# Exercise brief:
Below are entries; repeat exactly, and nothing else, the lines from the one holding "Fatatry Ibn El Akramin online menu" through the one holding "King Cole Christmas Knit Books", inclusive. Leave the pictures out.

# Records provided:
□ □ □ □ □
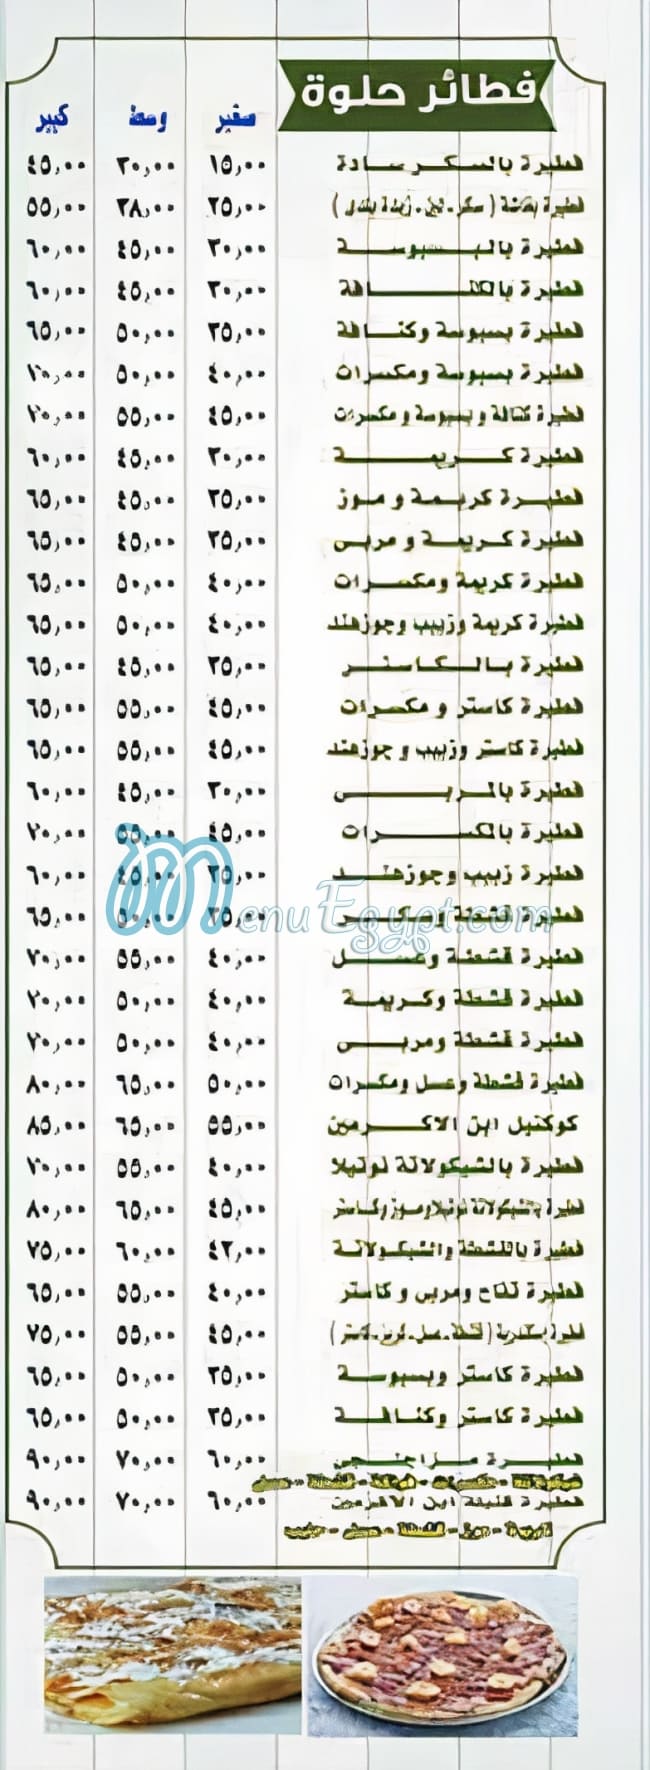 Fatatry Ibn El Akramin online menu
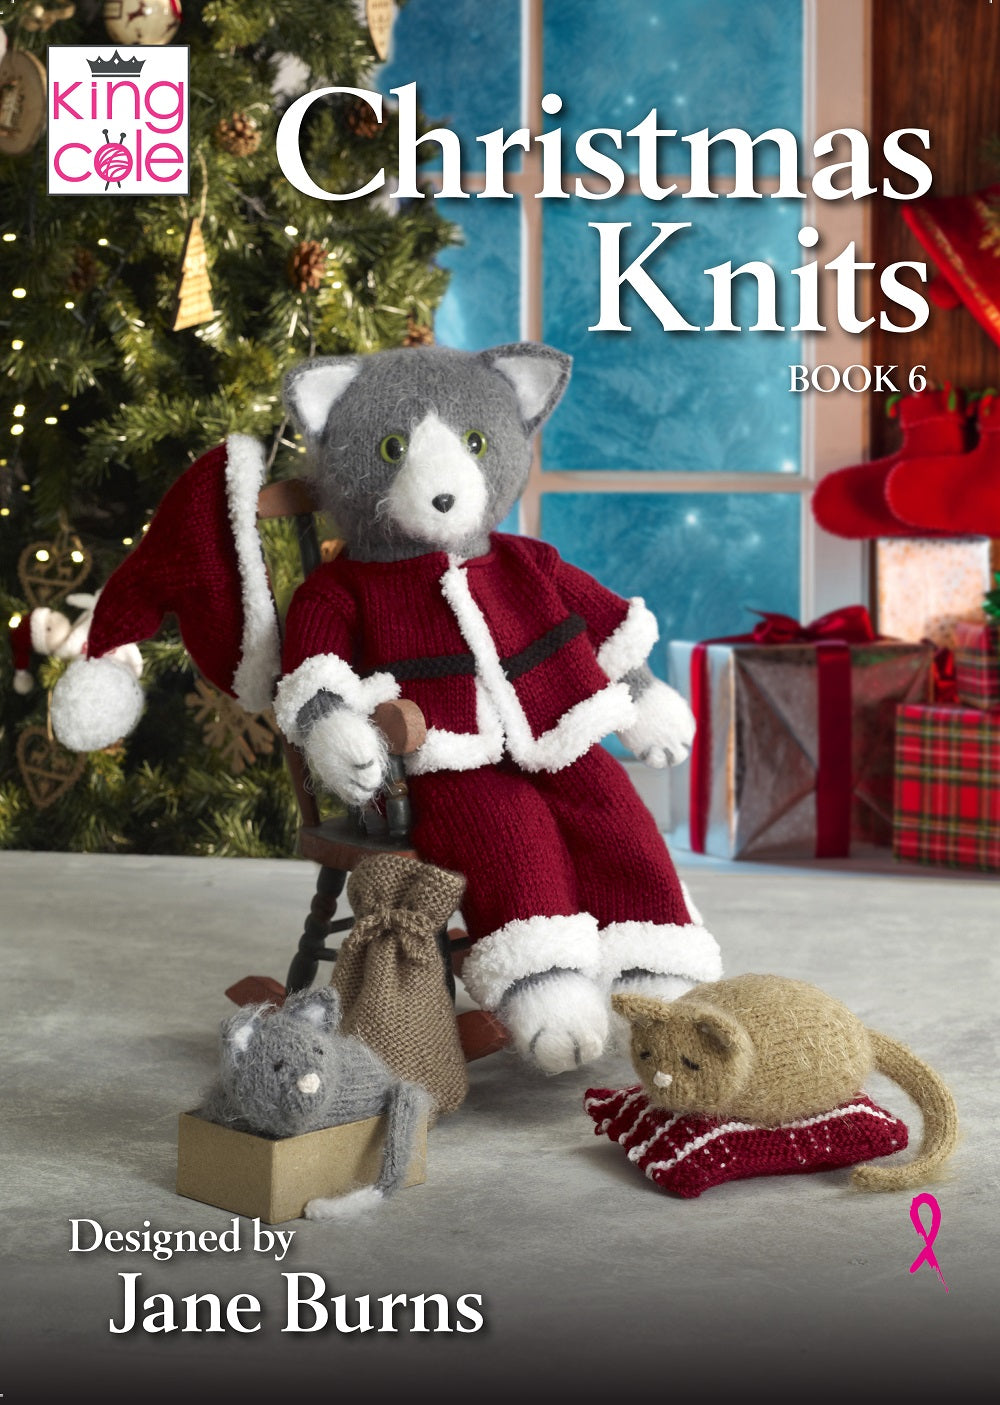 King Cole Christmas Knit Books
□ □ □ □ □
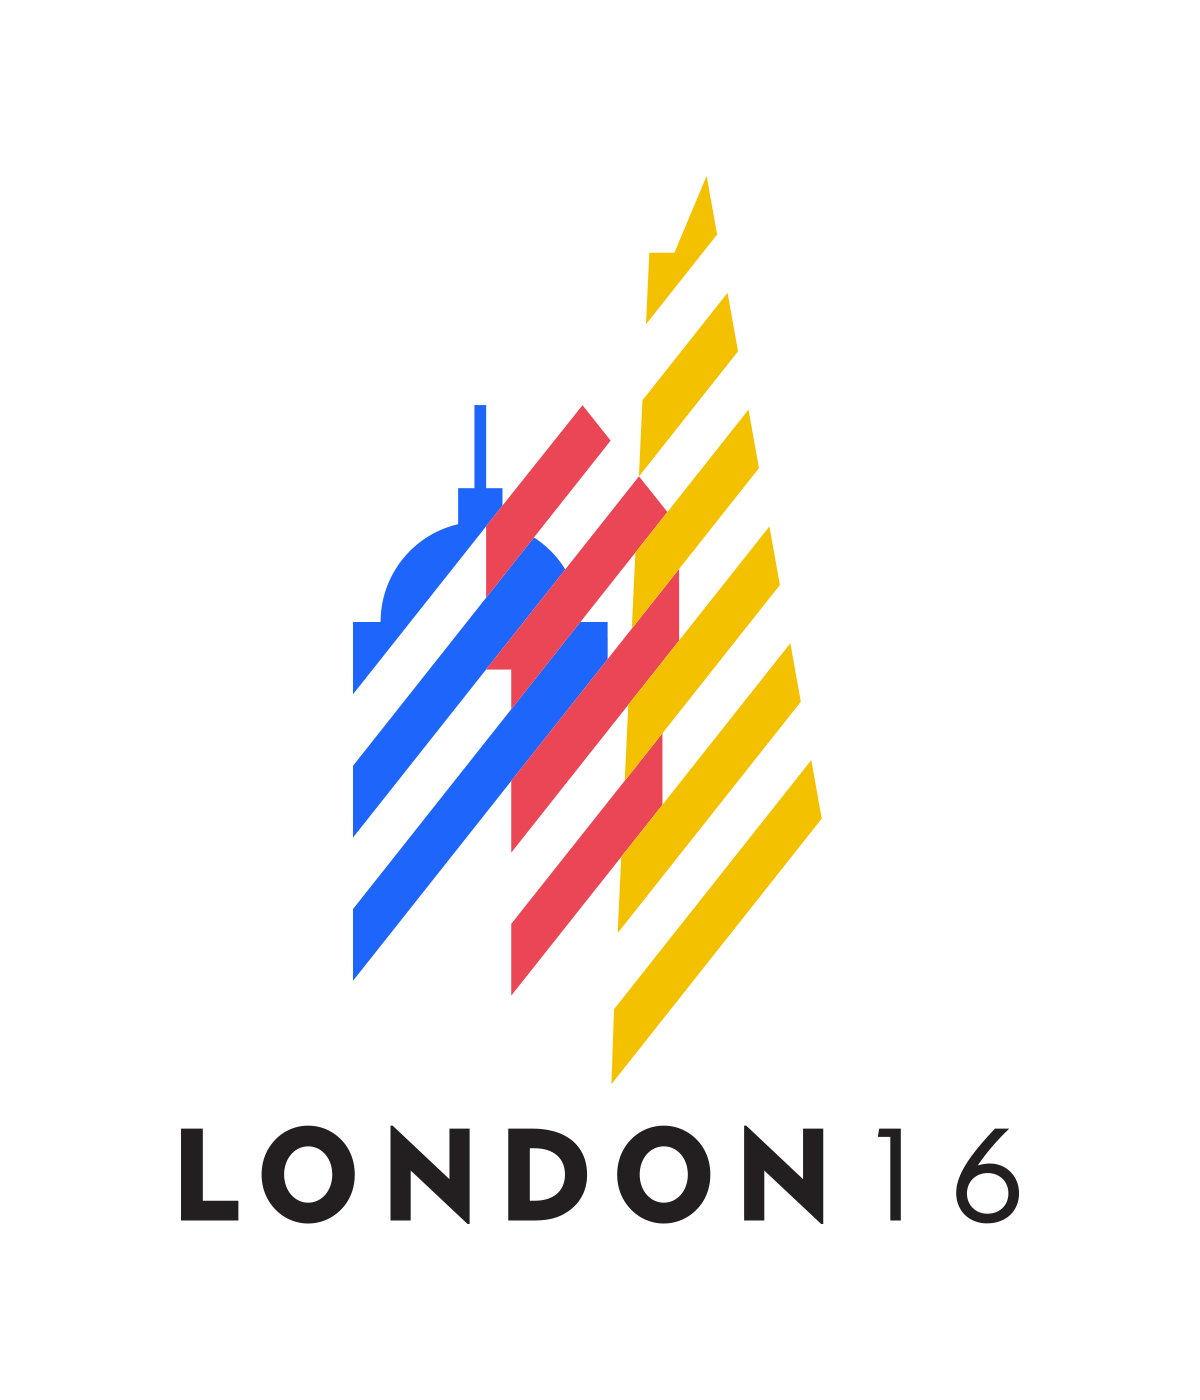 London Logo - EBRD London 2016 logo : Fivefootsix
□ □ □ □ □
# Solved problem:
 Fatatry Ibn El Akramin online menu
 King Cole Christmas Knit Books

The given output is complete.